> _Task requirements_
Nothing but the records, transcribed exactly, should appear in the answer; leave the pictures out.

======

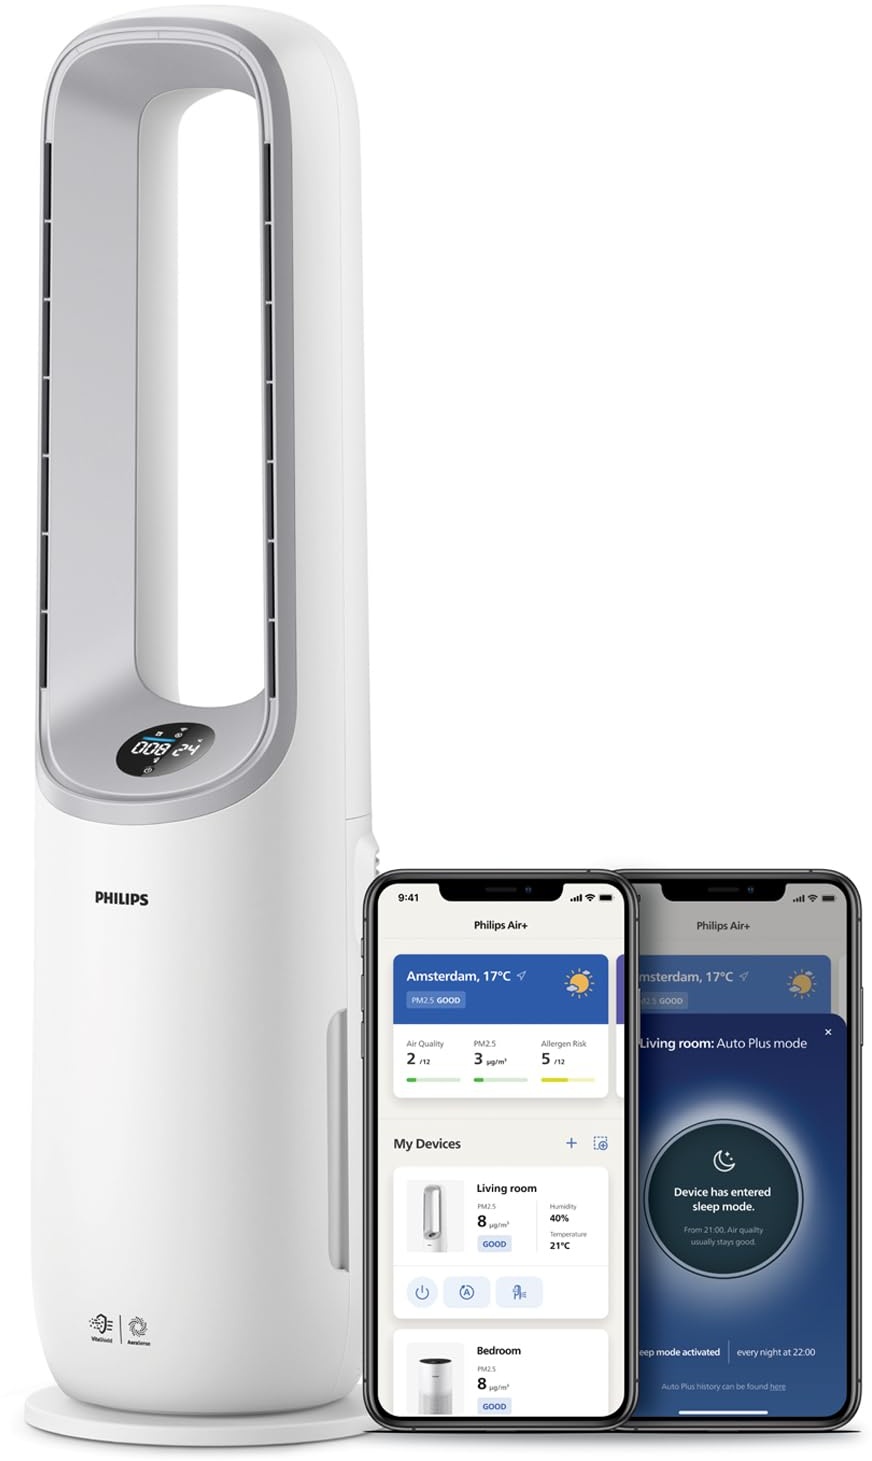 Philips Air Performer 2-in-1: Luftreiniger und Kühlgebläse - Reinigt 70 m2, Entfernt 99,97% der Allergene und Schadstoffe. HEPA-Filter, Intelligente Sensoren, Alexa, App. (AMF765/10)
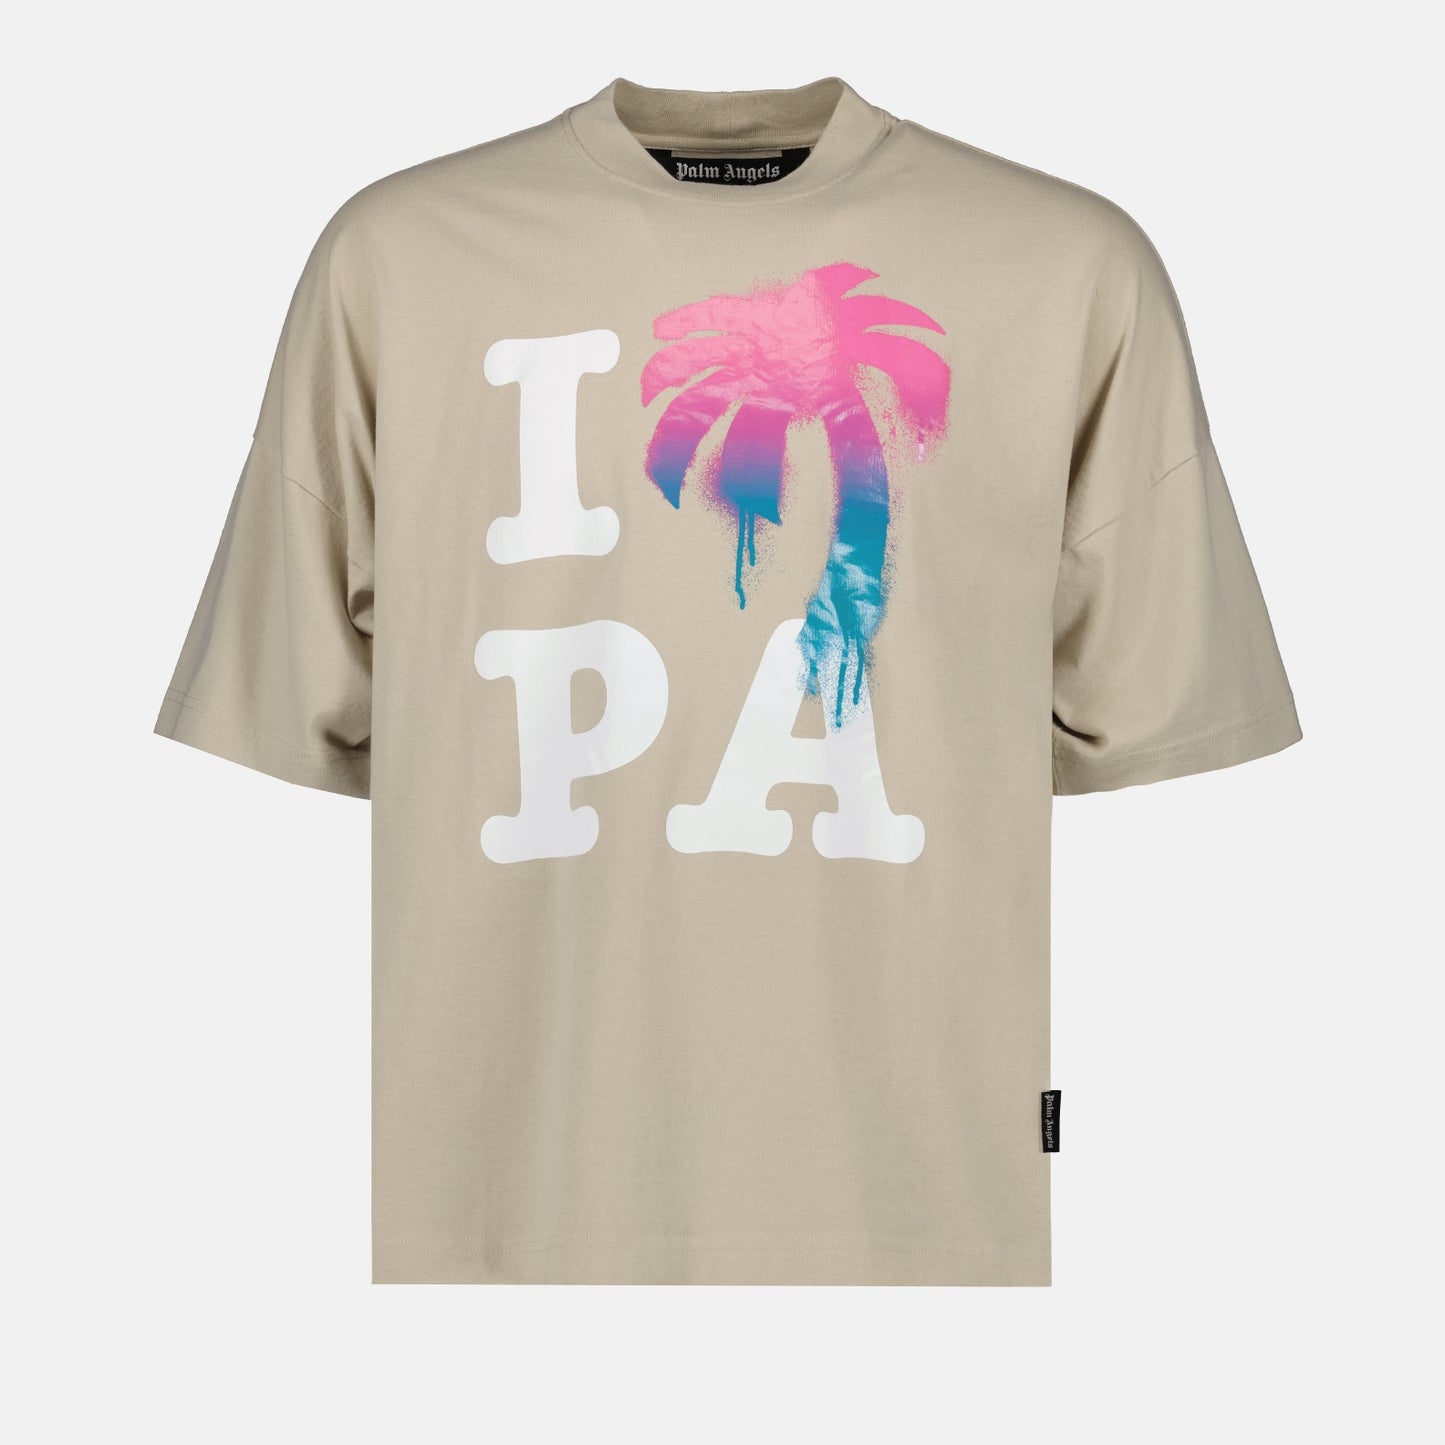 PAのTシャツが大好きです
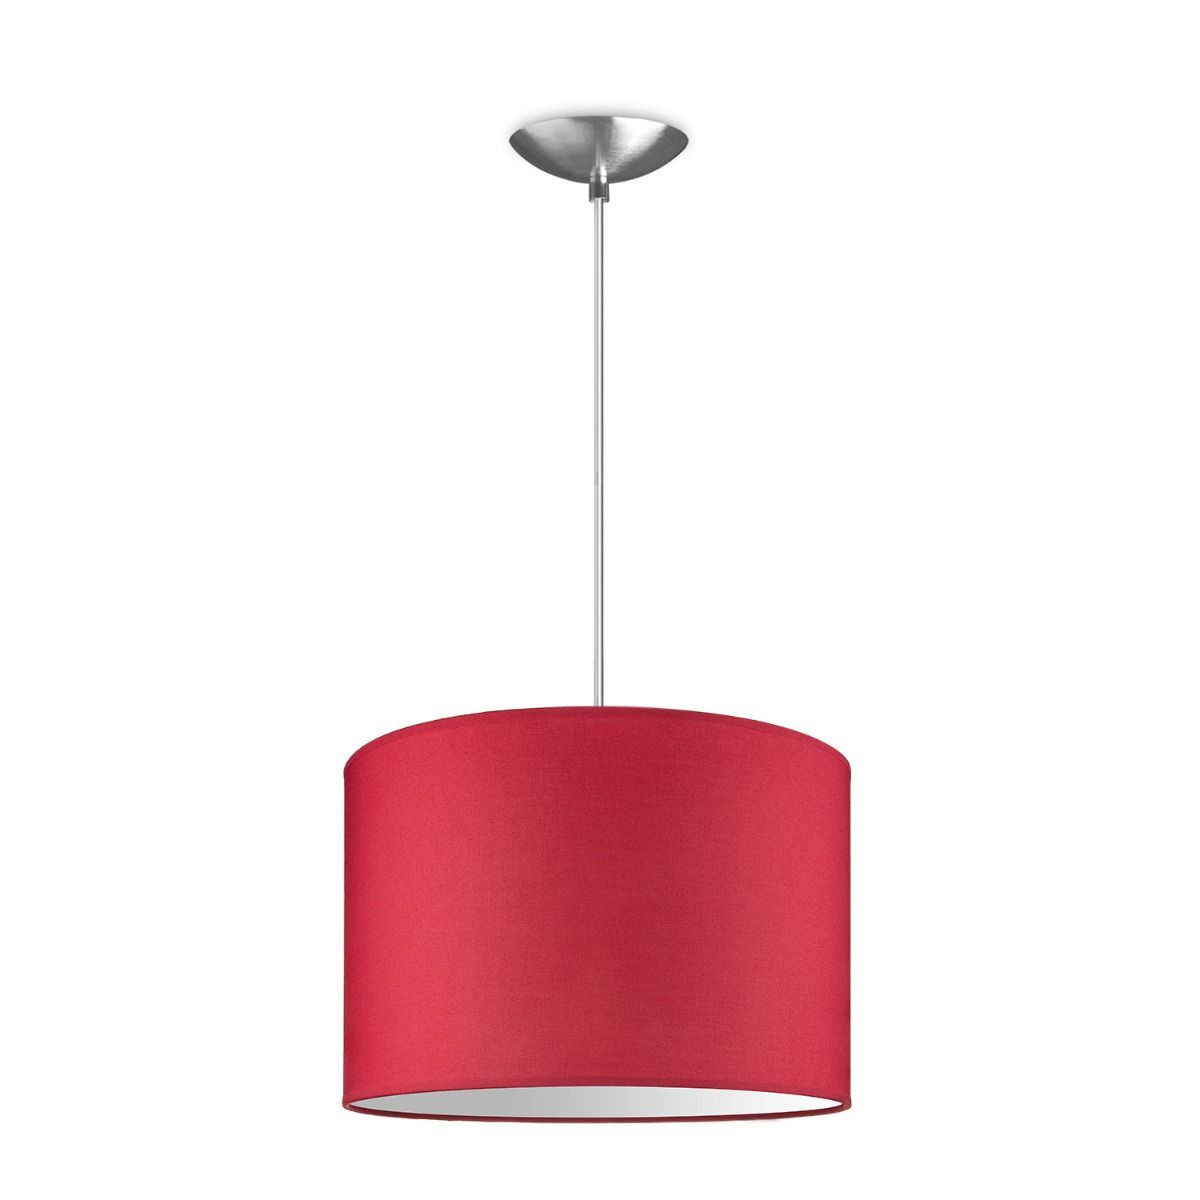 Light depot - hanglamp basic bling Ø 30 cm - rood - Outlet
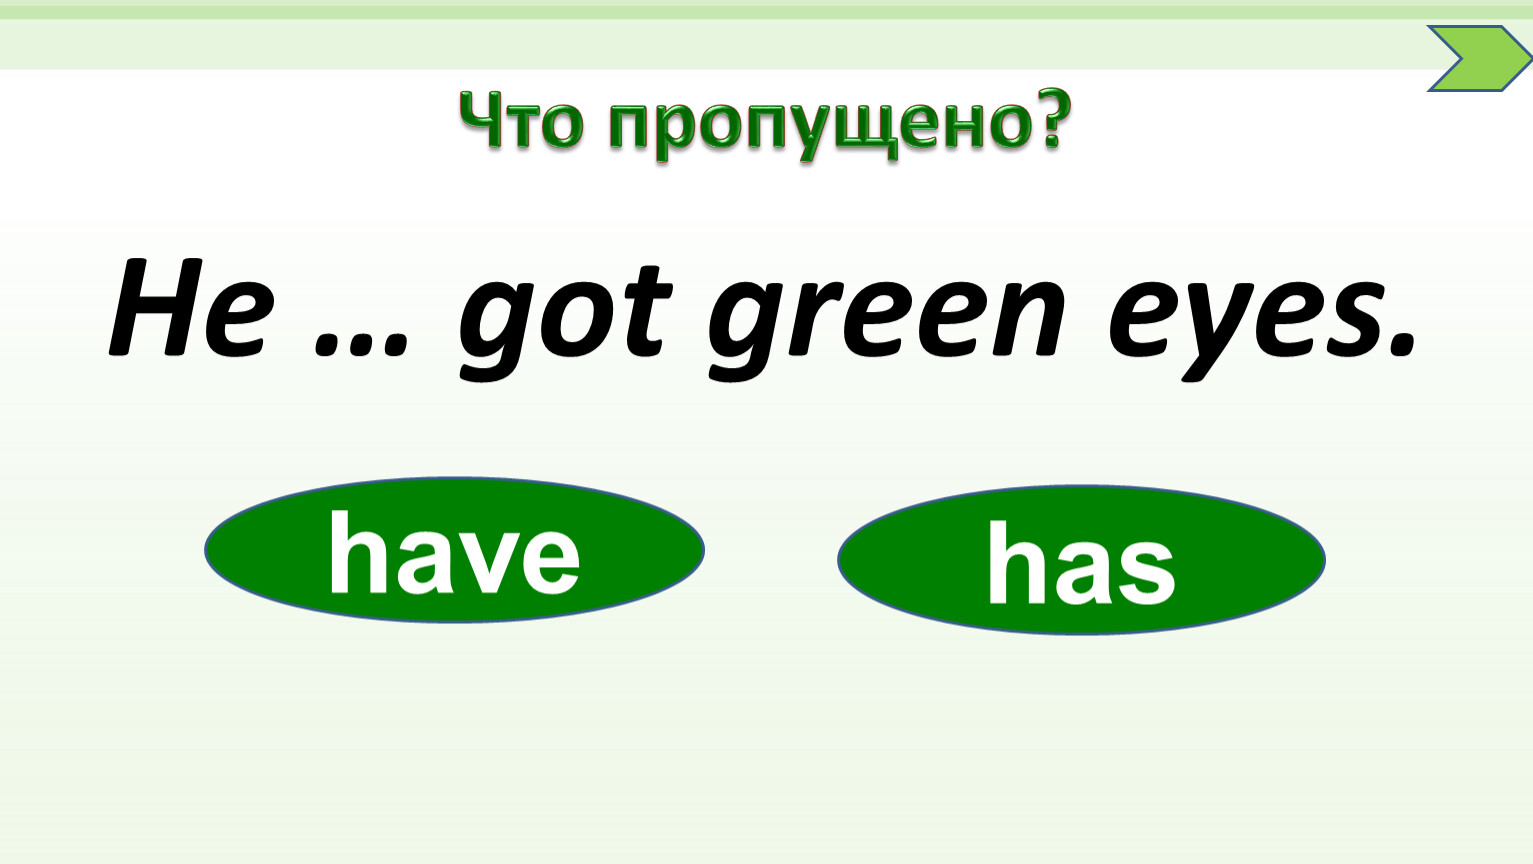 He got green eyes. Has got Green Eyes. Get Green. Got Green Eyes. Маме has got Green Eyes.
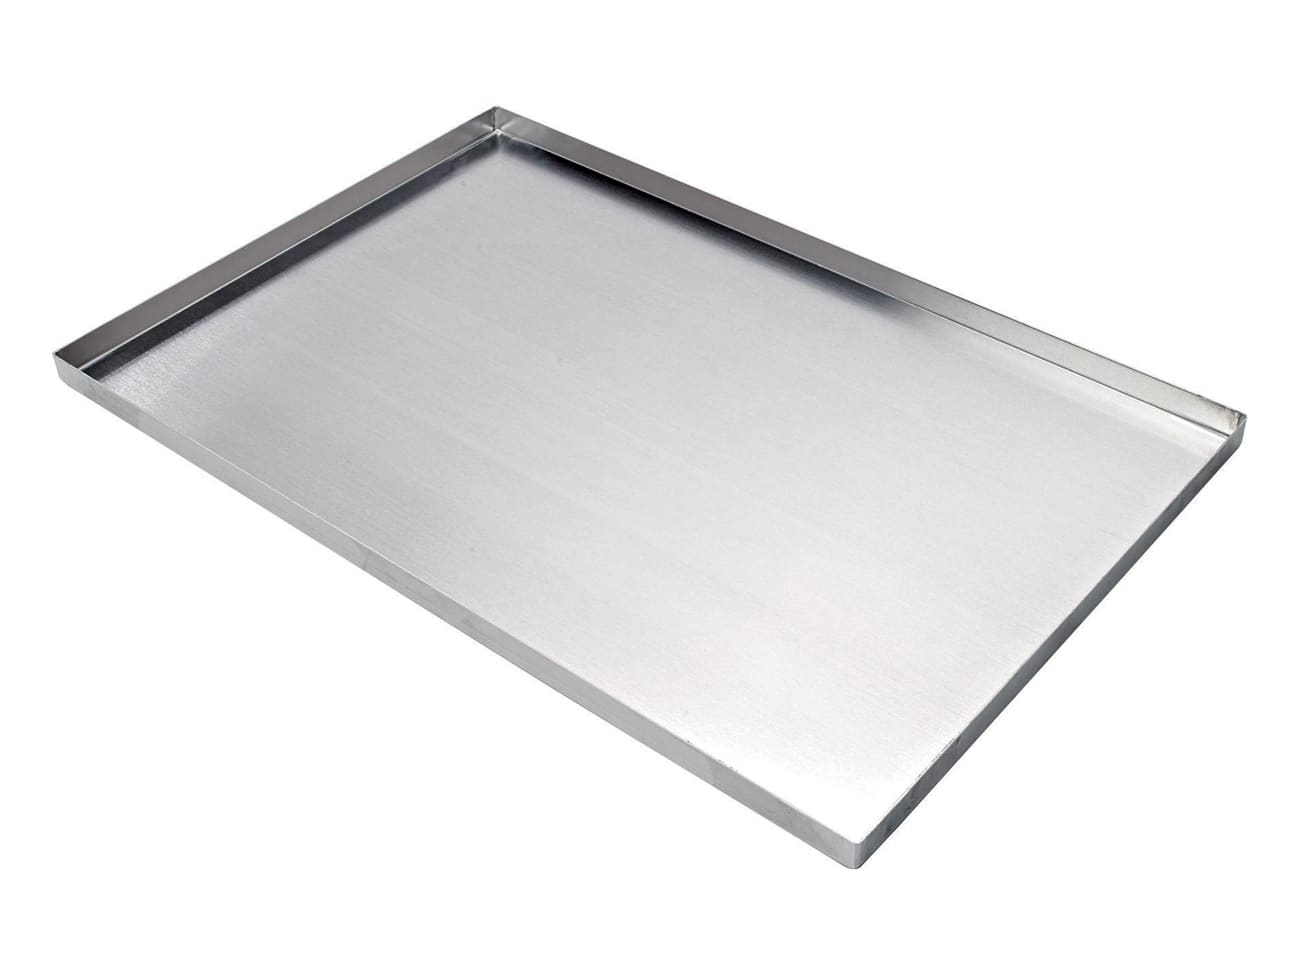 Plaque aluminium avec rebord 40 x 30 cm - Meilleur du Chef

======

> _Output for this exercise_
 Philips Air Performer 2-in-1: Luftreiniger und Kühlgebläse - Reinigt 70 m2, Entfernt 99,97% der Allergene und Schadstoffe. HEPA-Filter, Intelligente Sensoren, Alexa, App. (AMF765/10)
 PAのTシャツが大好きです
 Light depot - hanglamp basic bling Ø 30 cm - rood - Outlet
 He got green eyes. Has got Green Eyes. Get Green. Got Green Eyes. Маме has got Green Eyes.
 Plaque aluminium avec rebord 40 x 30 cm - Meilleur du Chef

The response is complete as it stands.